Shown below are entries with pictures; the line with "Penny Pairs Digital Gift Card" through the line with "AITA Husband Questions - giving cookie" is the span to retype exactly, and the pictures stay out.

----- EXTRACTED DATA -----

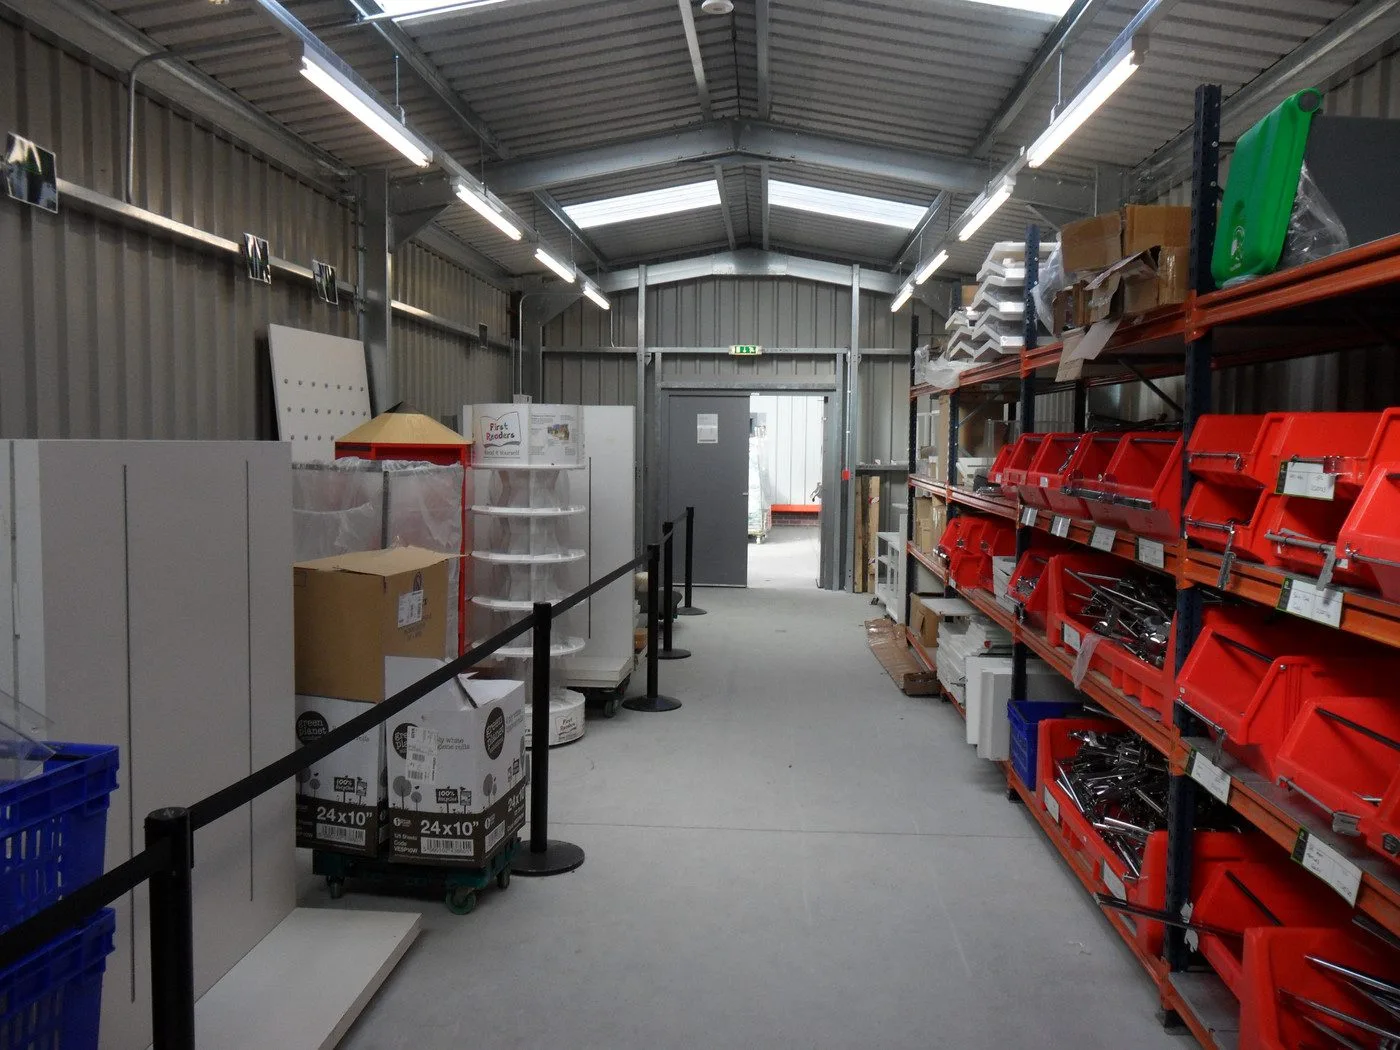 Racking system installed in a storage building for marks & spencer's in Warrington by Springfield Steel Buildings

-----
----- EXTRACTED DATA -----

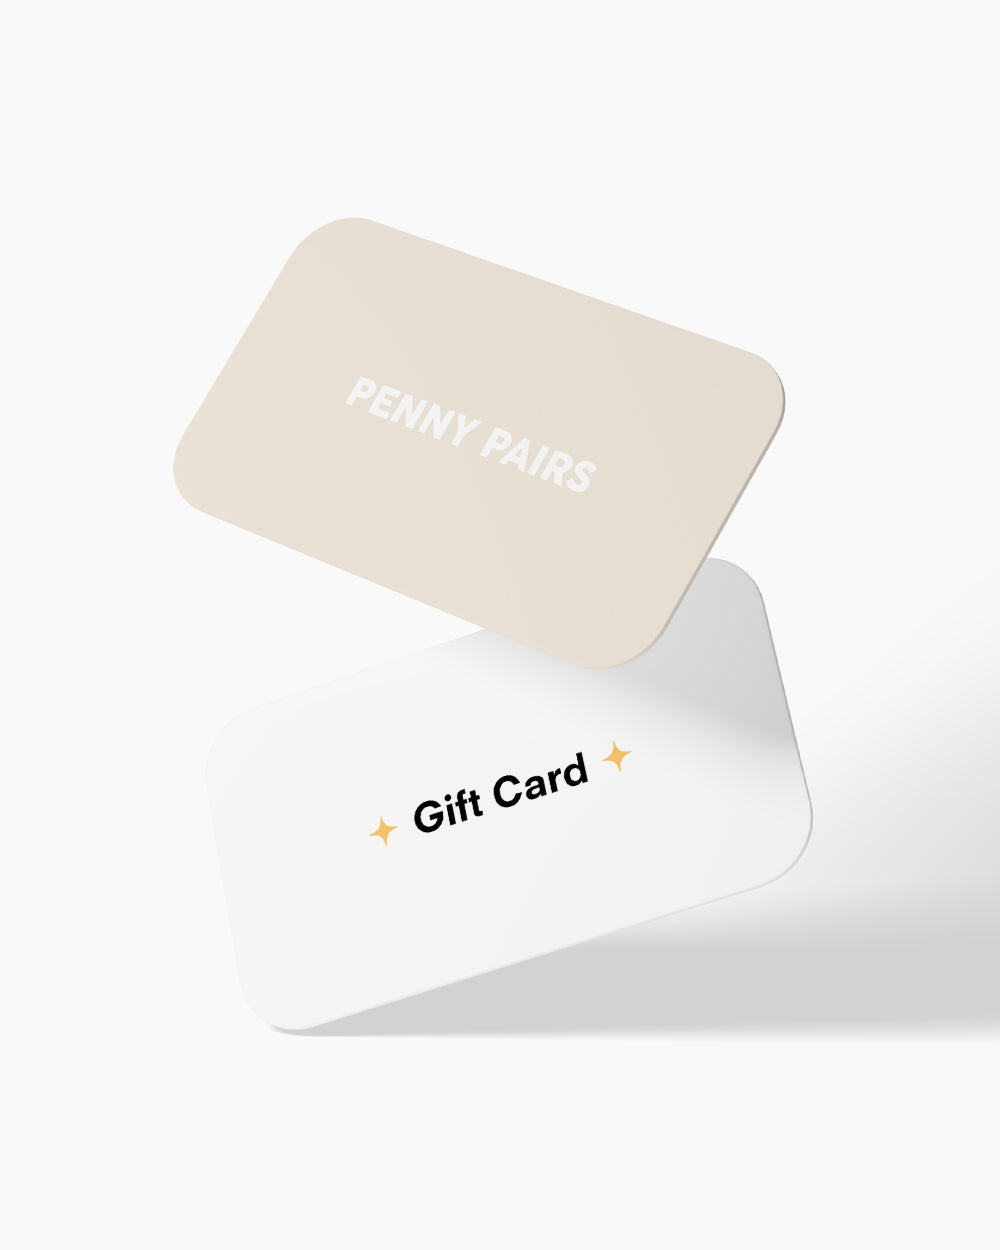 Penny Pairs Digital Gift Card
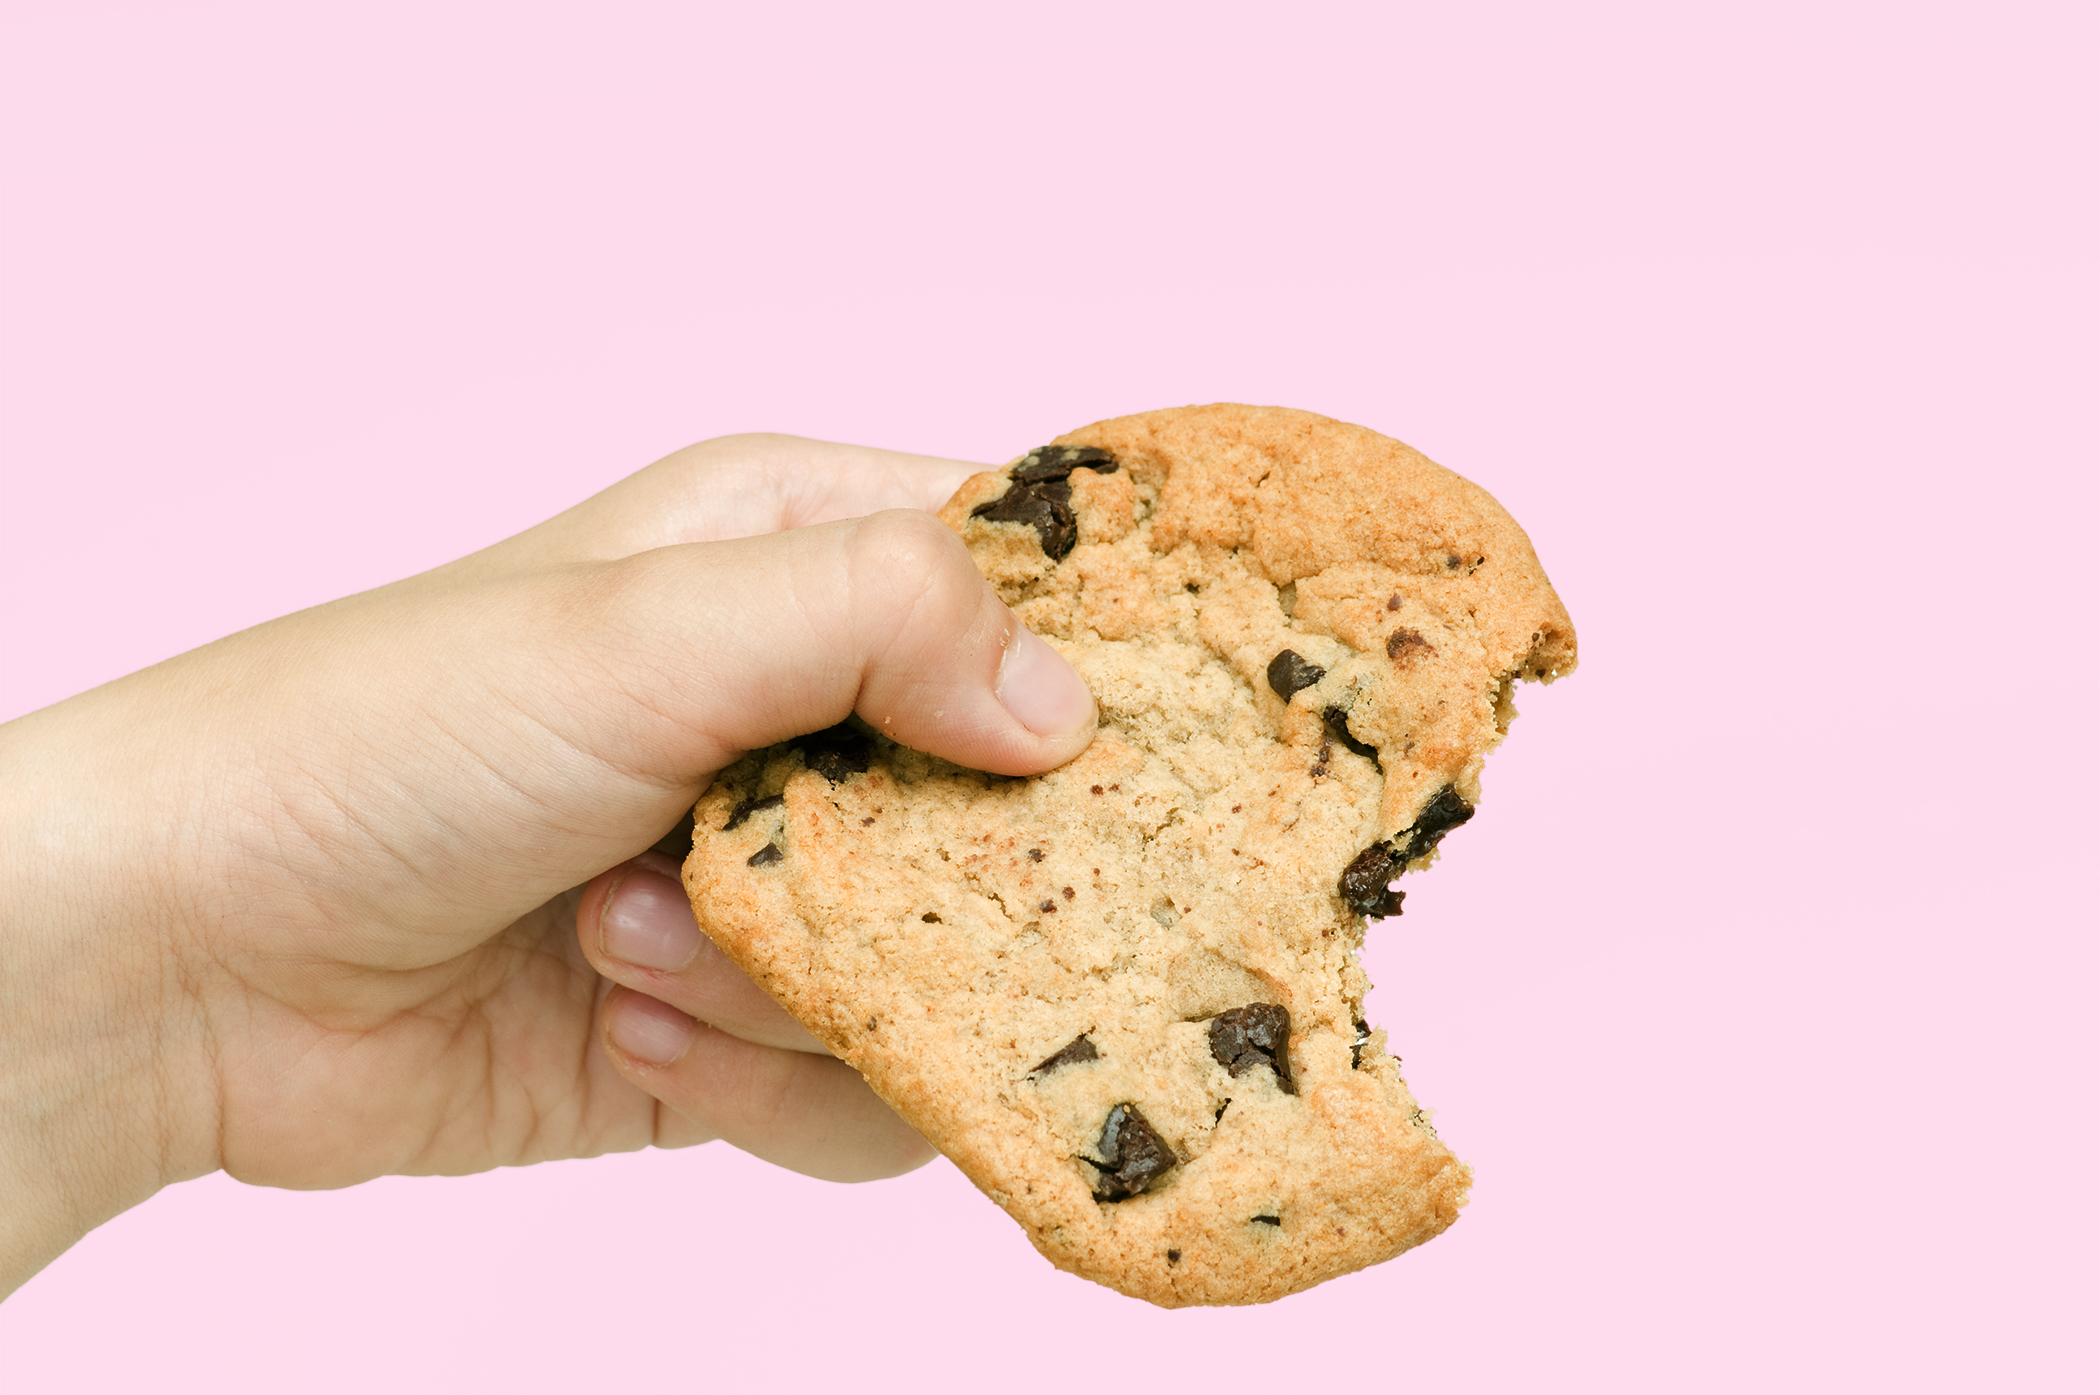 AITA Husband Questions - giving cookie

-----
----- EXTRACTED DATA -----

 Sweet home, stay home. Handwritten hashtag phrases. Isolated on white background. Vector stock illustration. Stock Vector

-----

ANSWER FOR THE TASK:
 Penny Pairs Digital Gift Card
 AITA Husband Questions - giving cookie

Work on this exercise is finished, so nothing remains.